◆ **Description of the task**
Restate word for word all of the lines below, with each image left out.

◆ **Information supplied**
________________

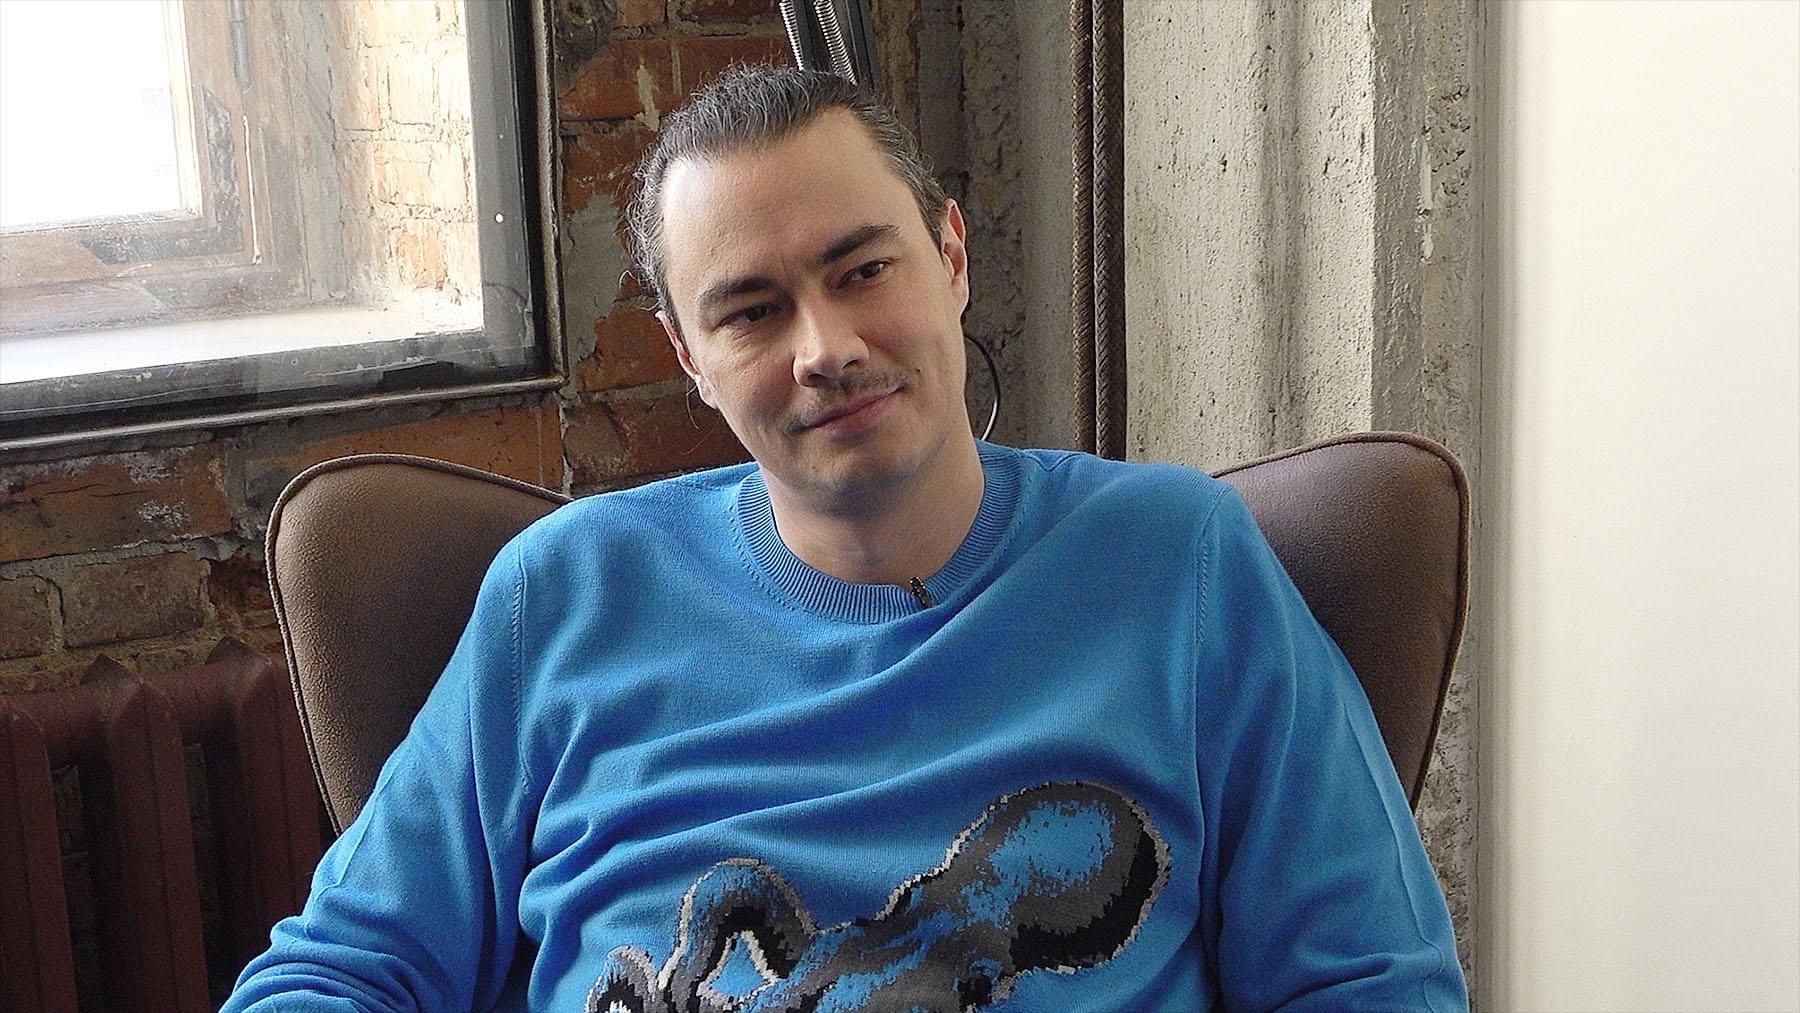 Жора Крыжовников вовремя съёмок интервью для Bookmate Journal
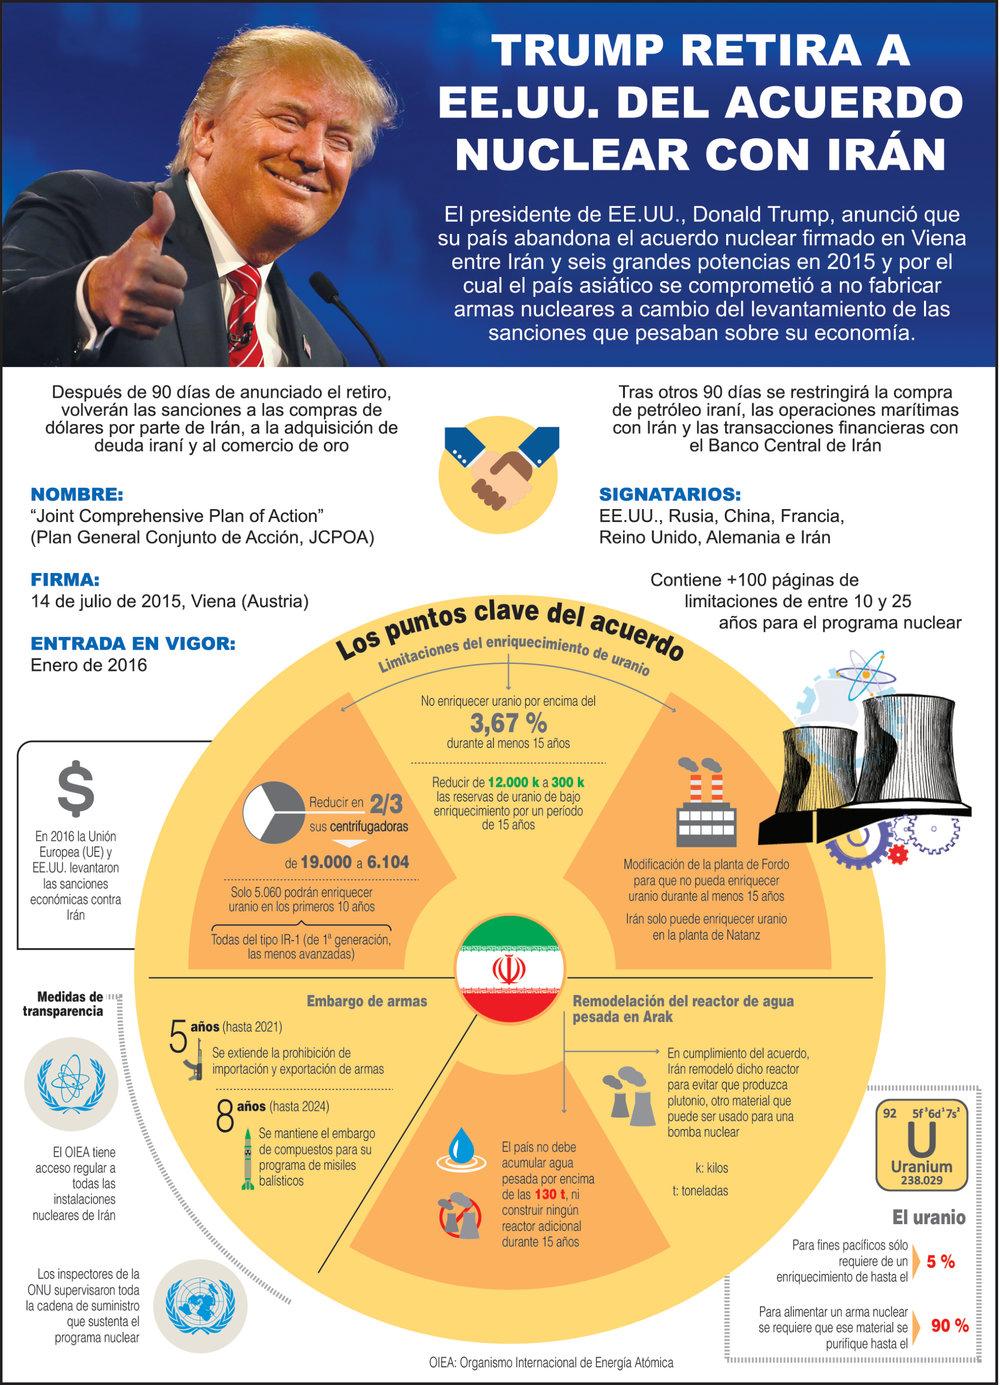 Trump acuerdo nuclear.jpg
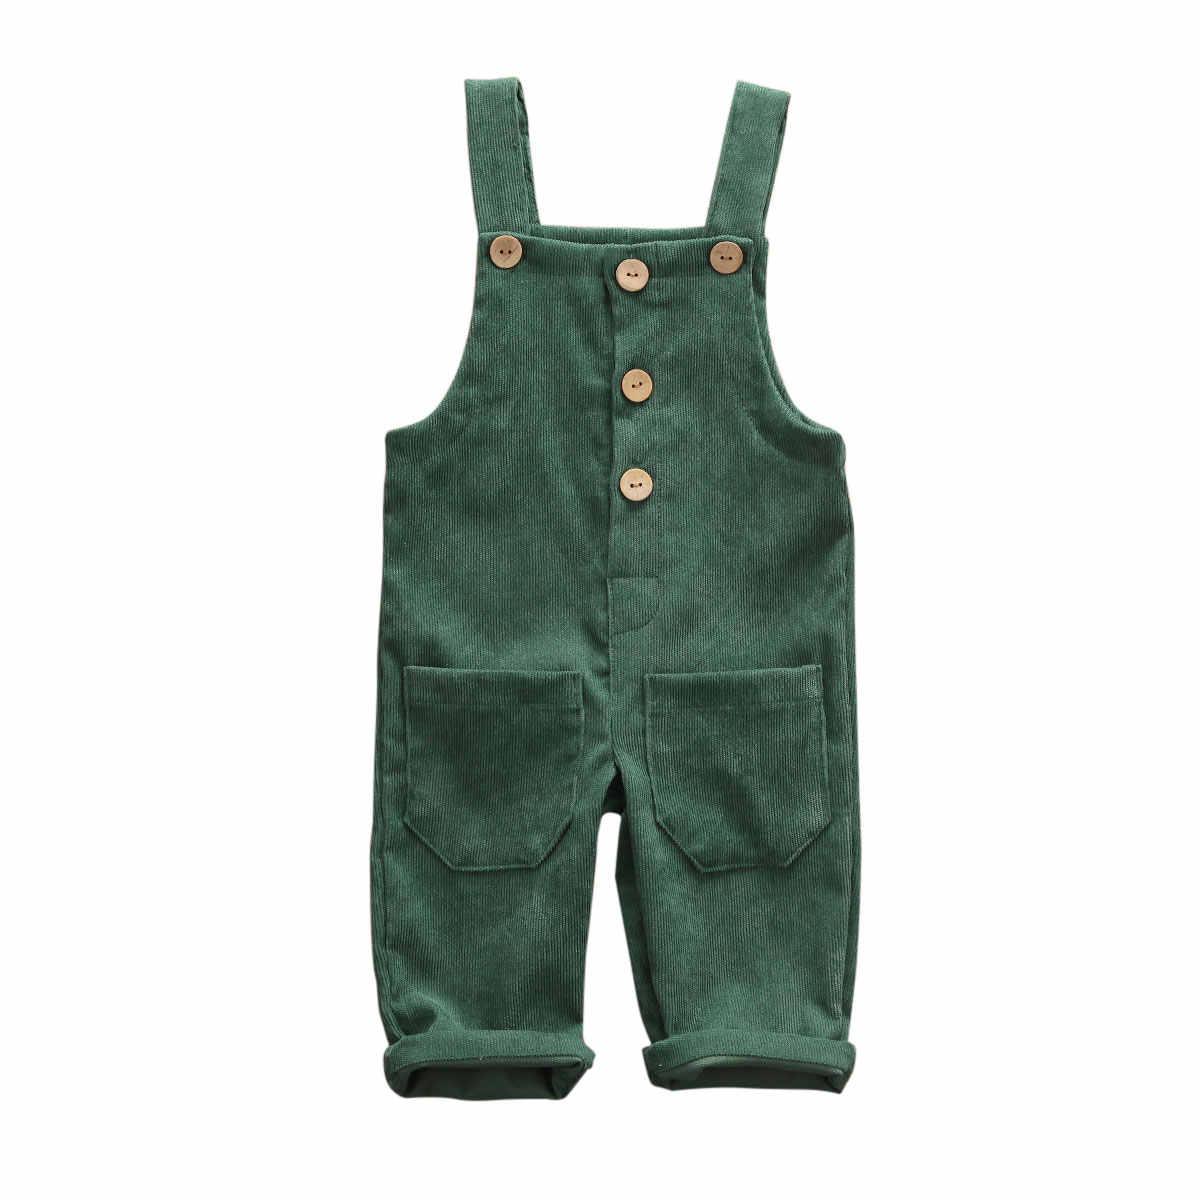 ยี่ห้อใหม่เด็ก Overalls เด็กวัยหัดเดินเด็กกางเกงกางเกง Casual Corduroy เด็ก Bib กางเกงกระเป๋าปุ่มจัดส่งฟรี

________________

◆ **Task response**
 Жора Крыжовников вовремя съёмок интервью для Bookmate Journal
 Trump acuerdo nuclear.jpg
 ยี่ห้อใหม่เด็ก Overalls เด็กวัยหัดเดินเด็กกางเกงกางเกง Casual Corduroy เด็ก Bib กางเกงกระเป๋าปุ่มจัดส่งฟรี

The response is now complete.